**Goal of the exercise:** Keep the pictures out, and restate the listing that follows exactly as written.

**Data shown:**

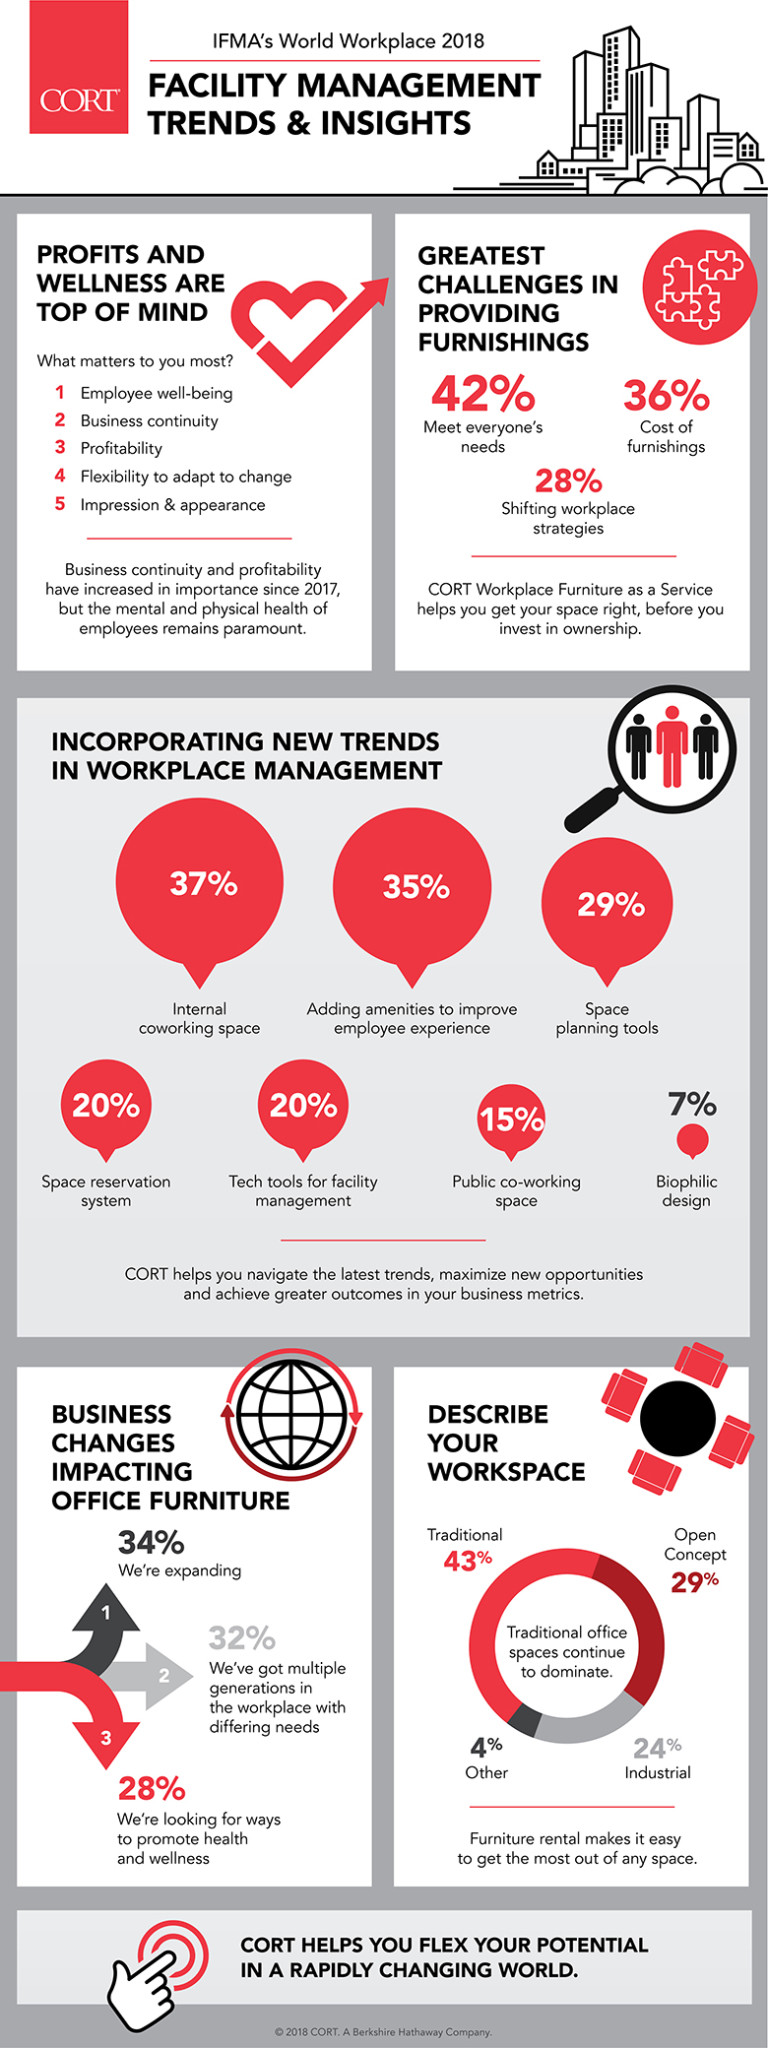 2018 facility management trends and insights infographic
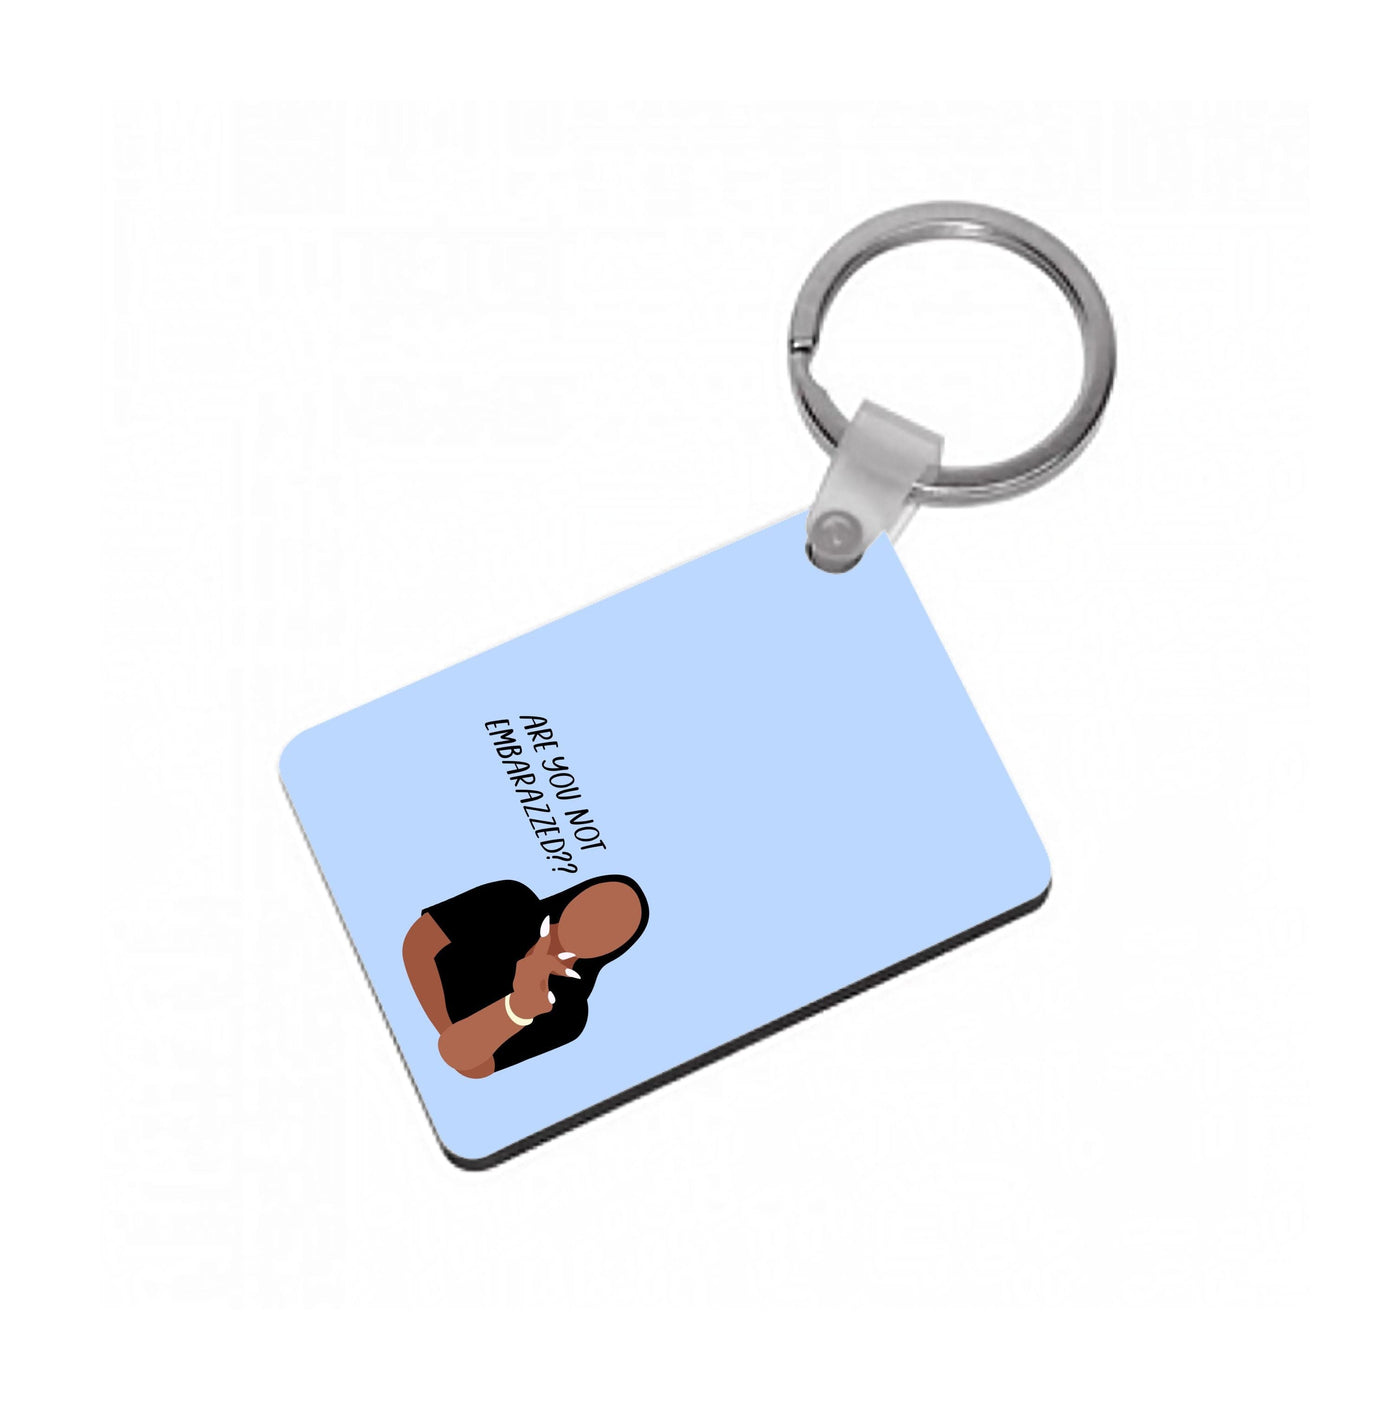 Are You Not Embarazzed? - British Pop Culture Keyring
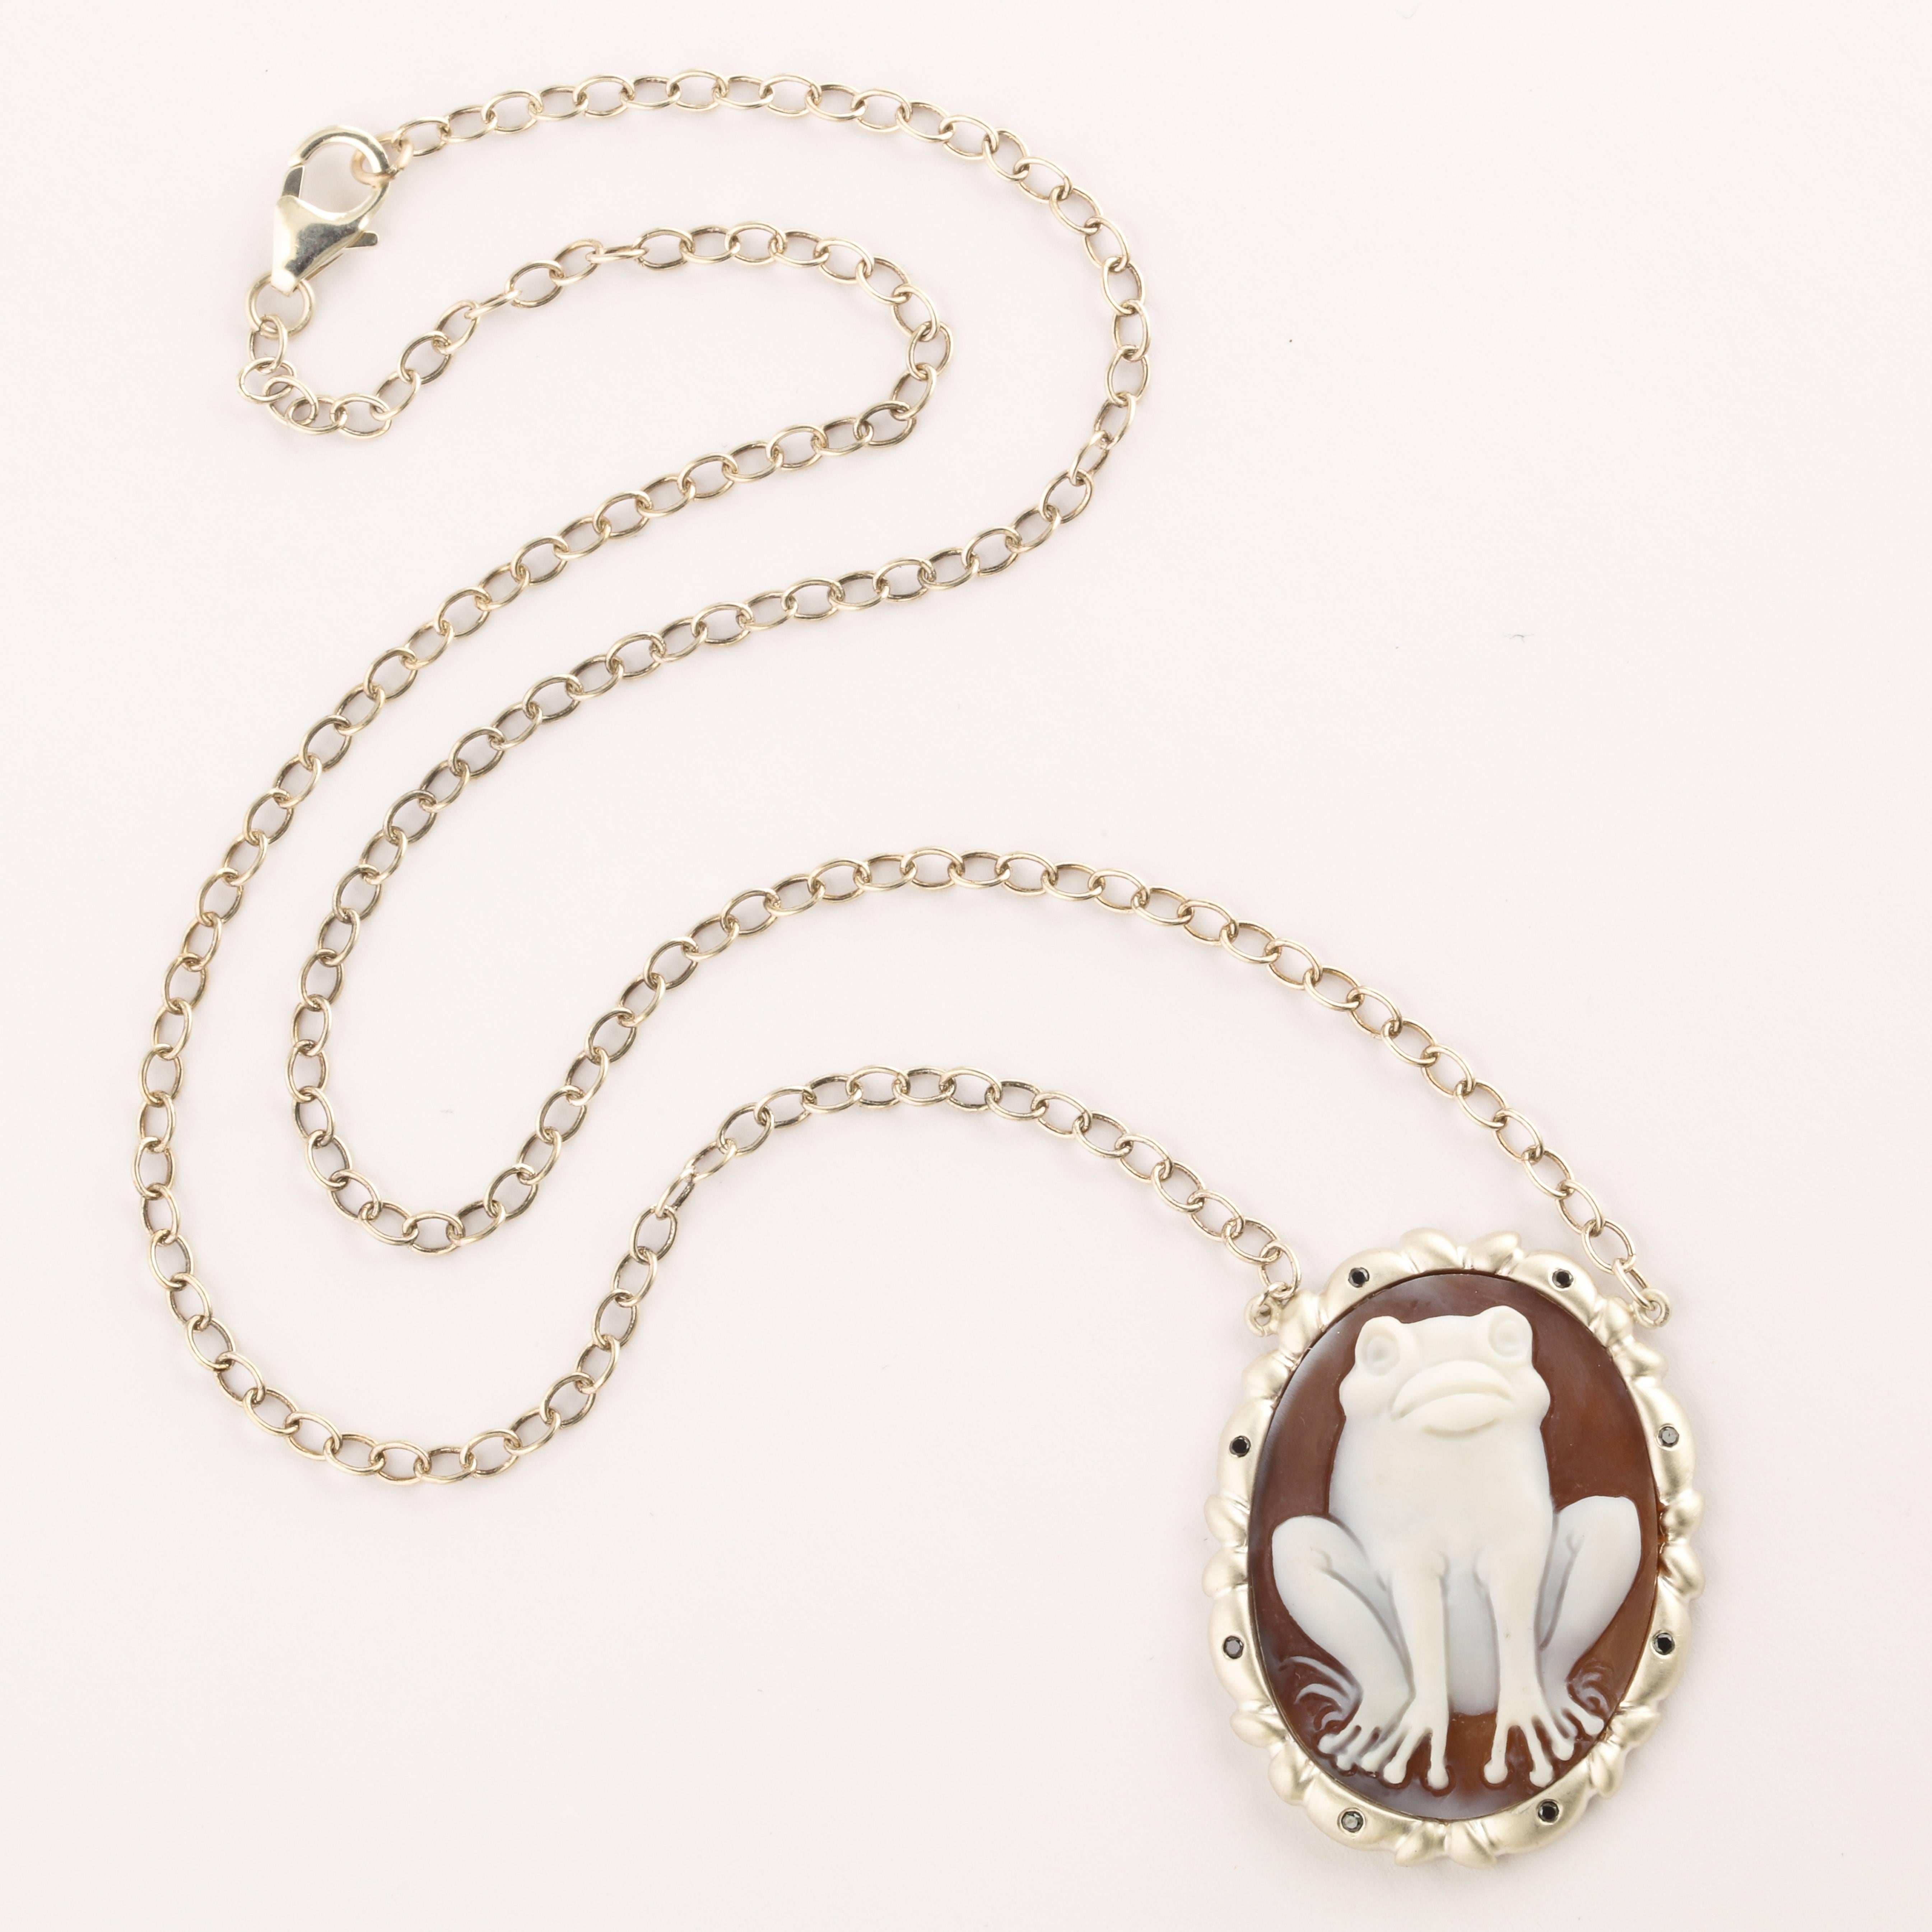 30mm sardonyx shell cameo hand-carved, set in sterling silver with black diamonds.

**Answer:**
 2018 facility management trends and insights infographic
 Are You Not Embarazzed? - British Pop Culture Keyring
 30mm sardonyx shell cameo hand-carved, set in sterling silver with black diamonds.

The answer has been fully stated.